CONS of using Vertex AI: CustomML for Computer Vision tasks:

Cost: Using Vertex AI can be expensive, especially if you need significant computational resources for training large models or if you have a high volume of inference requests in production.
Complexity: Despite the simplified workflow, machine learning projects, especially in computer vision, can still be complex. Data preprocessing, feature engineering, and model tuning require expertise.
Vendor Lock-In: By using Google Cloud's Vertex AI, you may become locked into their ecosystem, making it challenging to migrate to another cloud provider.
Limited Customization: While pre-built models can save time, they may not perfectly align with your specific use case, requiring additional customization and fine-tuning.

PITFALLS of using Vertex AI: CustomML for Computer Vision tasks:

Overfitting: Without proper regularization and validation techniques, your custom computer vision models might overfit to the training data, resulting in poor generalization to new data.
Performance Expectations: Unrealistic performance expectations can lead to disappointment. Not all computer vision tasks can achieve human-level accuracy, and understanding the limitations of the technology is essential.
Data Annotation Challenges: Annotating large datasets for training can be time-consuming and expensive. Ensuring the quality of annotations is crucial for model success.
Pricing policy: Users who are not aware of the cost structure or have studied the vague pricing policy of using tools may inadvertently incur unforeseen expenses and may continue to use tools without thinking about the financial consequences. This may result in bills being significantly higher than expected. To avoid this, users should take the time to understand the cost structure of the tools they use.

In summary, Vertex AI: Custom ML for computer vision tasks offers many advantages, such as a simplified workflow and access to powerful infrastructure, but it is also associated with costs, complexity, and potential pitfalls related to data quality, model customization, and scalability.

Final Summary Comparison

Now let's summarize and compare the key points of all three methods of building a recommendation CV system that we have passed.

The main indicators that we received at all stages:

Visual comparison

How can we evaluate the accuracy and quality of models in addition to mathematical indicators, such as model loss or model accuracy?

We can examine their selection of identical products and compare them with each other.

Perhaps the method is controversial and can be time-consuming if we apply it to the entire dataset. However, this method is quite indicative within the small samples. Let's take a look at the results of our first and third generation models:

So, there are currently many tools and technologies for ML development, and at least two working ways to create a CV recommendation system from scratch to full deployment in the cloud that we have successfully tried: using only free user tools or using Google Cloud Platform Vertex AI technologies.

In our opinion, you can choose to:

🡺 Follow our first approach and use only free open-source tools if you don't want to go deeper in writing and tuning the model, and the quality of the result is not of paramount importance to you.

🡺 Opt for our second approach and automate ML development processes as much as possible, but only if you are sure that there is a ready-made solution from GCP Vertex AI: AutoML for your specific task, and you are ready to pay for it.

🡺 Consider our third approach and combine free custom and paid automated tools offered by GCP Vertex AI: CustomML to manage all development processes, to be confident in its quality, and not to worry too much about costs.

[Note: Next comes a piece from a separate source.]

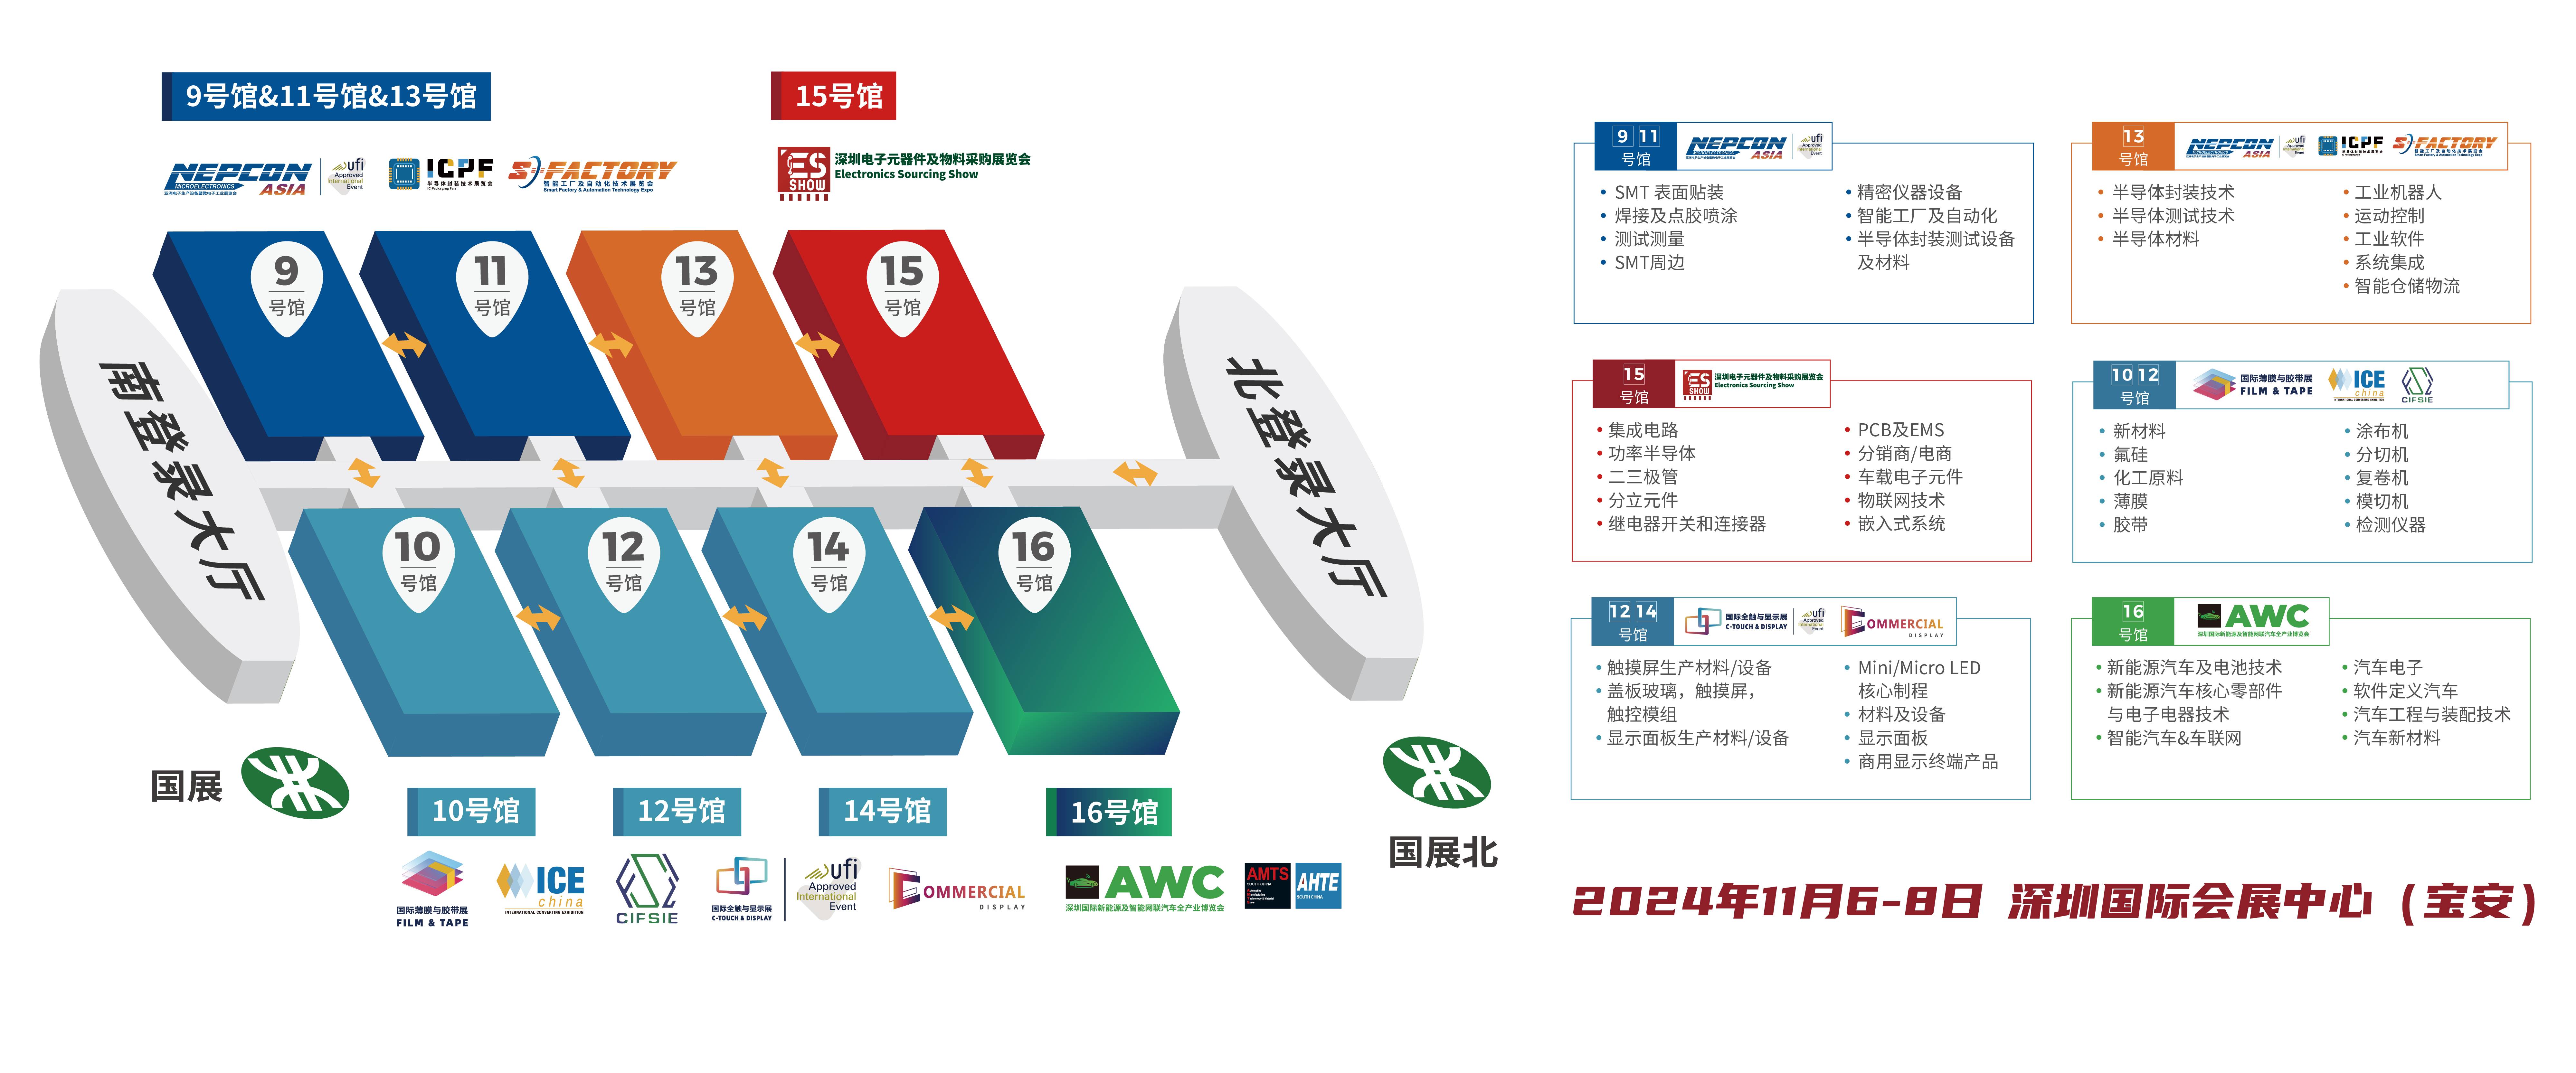 电路板 深圳电子展 PCB 保护器件 华南电子展 中国电子展
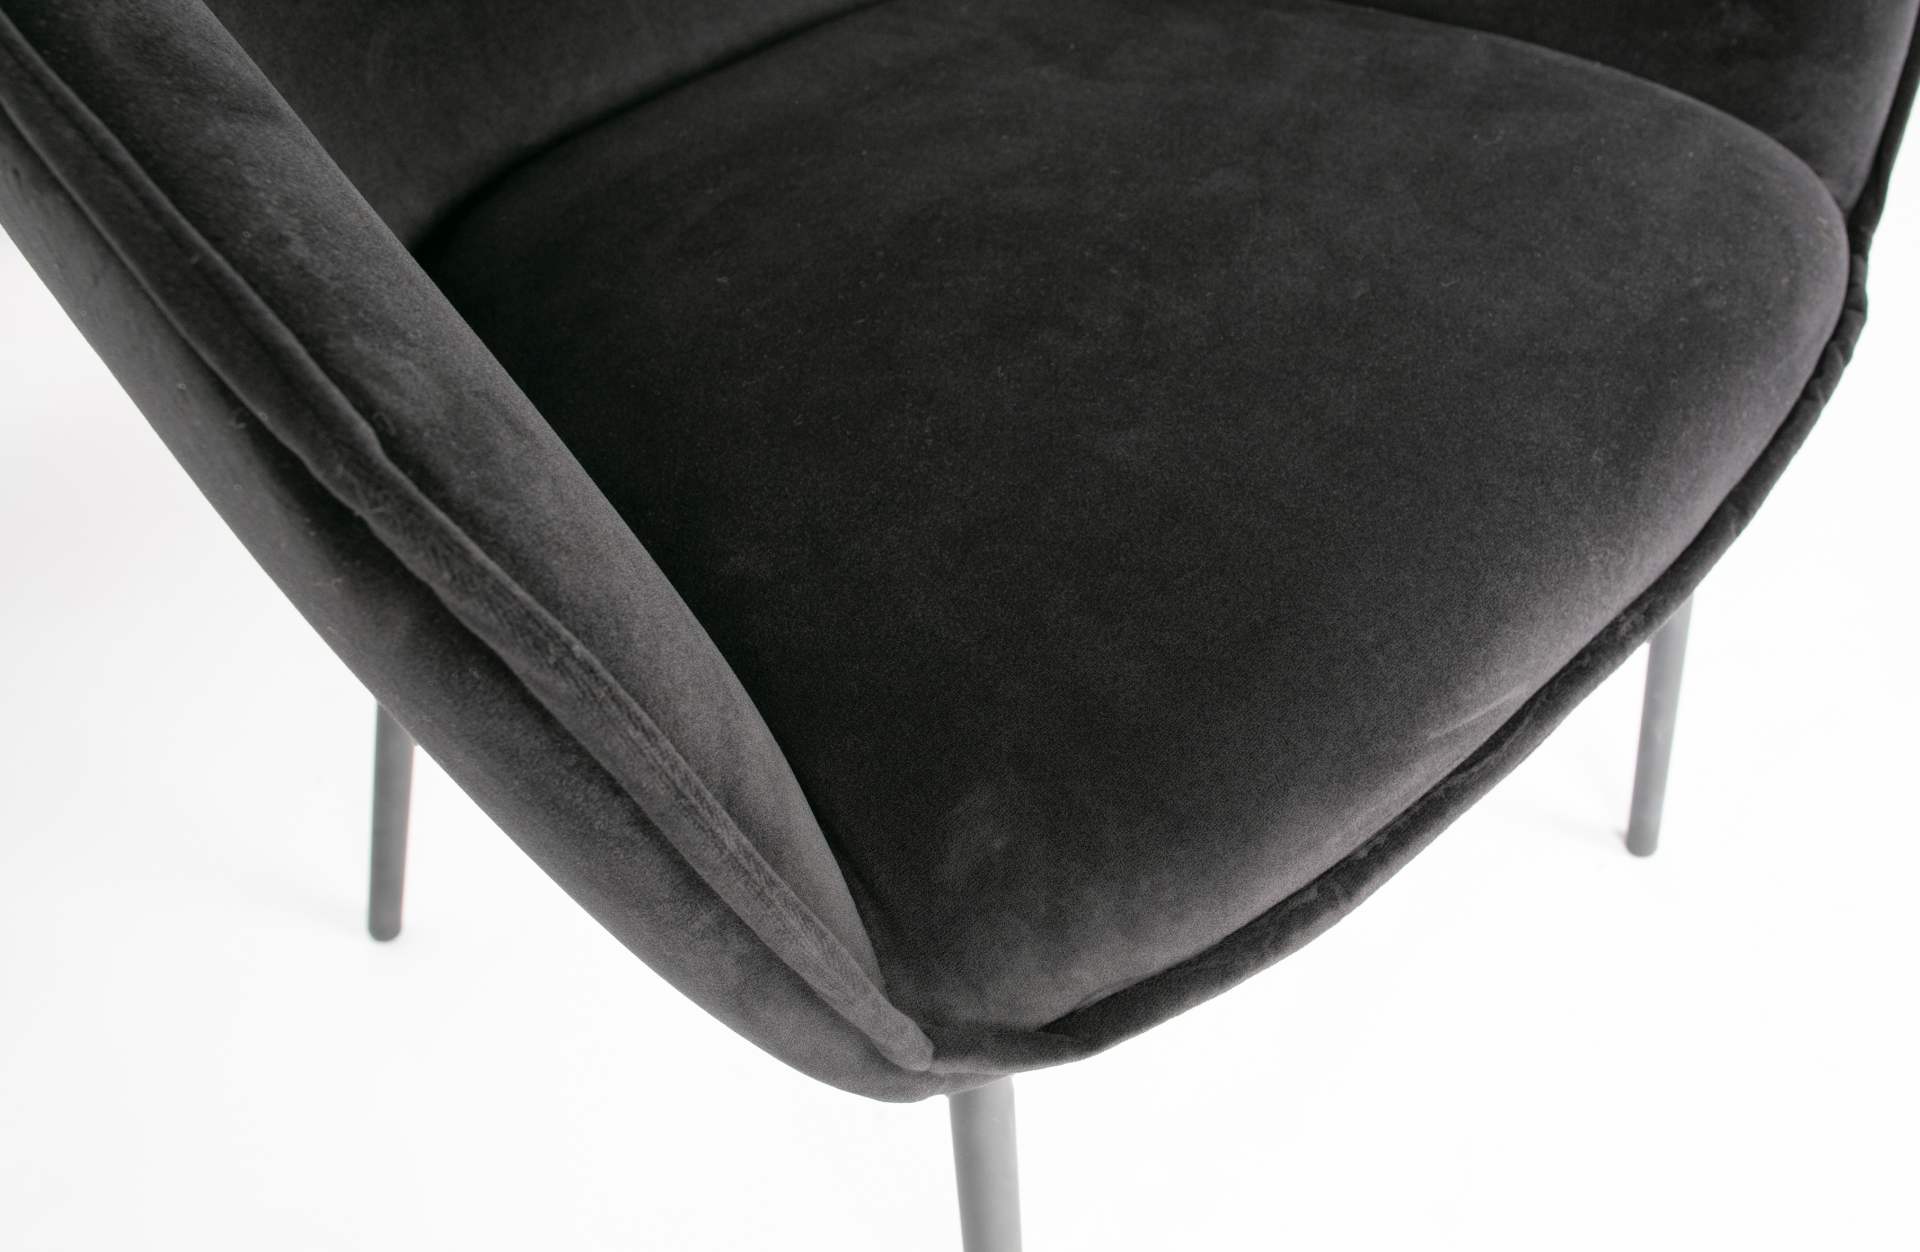 Der Esszimmerstuhl Sien wurde mit einem Samt Bezug bezogen. Er ist immer als 2er-Set erhältlich. Der Stuhl ist in zwei Varianten verfügbar, dieser besitzt die Farbe Schwarz.

However, one important note here - you should have enough time to navigate through some really challenging ML steps to build your system.

In any case, the choice is yours. We have simply introduced our experience in creating a recommendation system for visual search of similar images and shared our impressions of using advanced tools offered by Google Cloud Platform.

We hope this information will be useful. And we thank you for your attention and the time you spent reading this articles.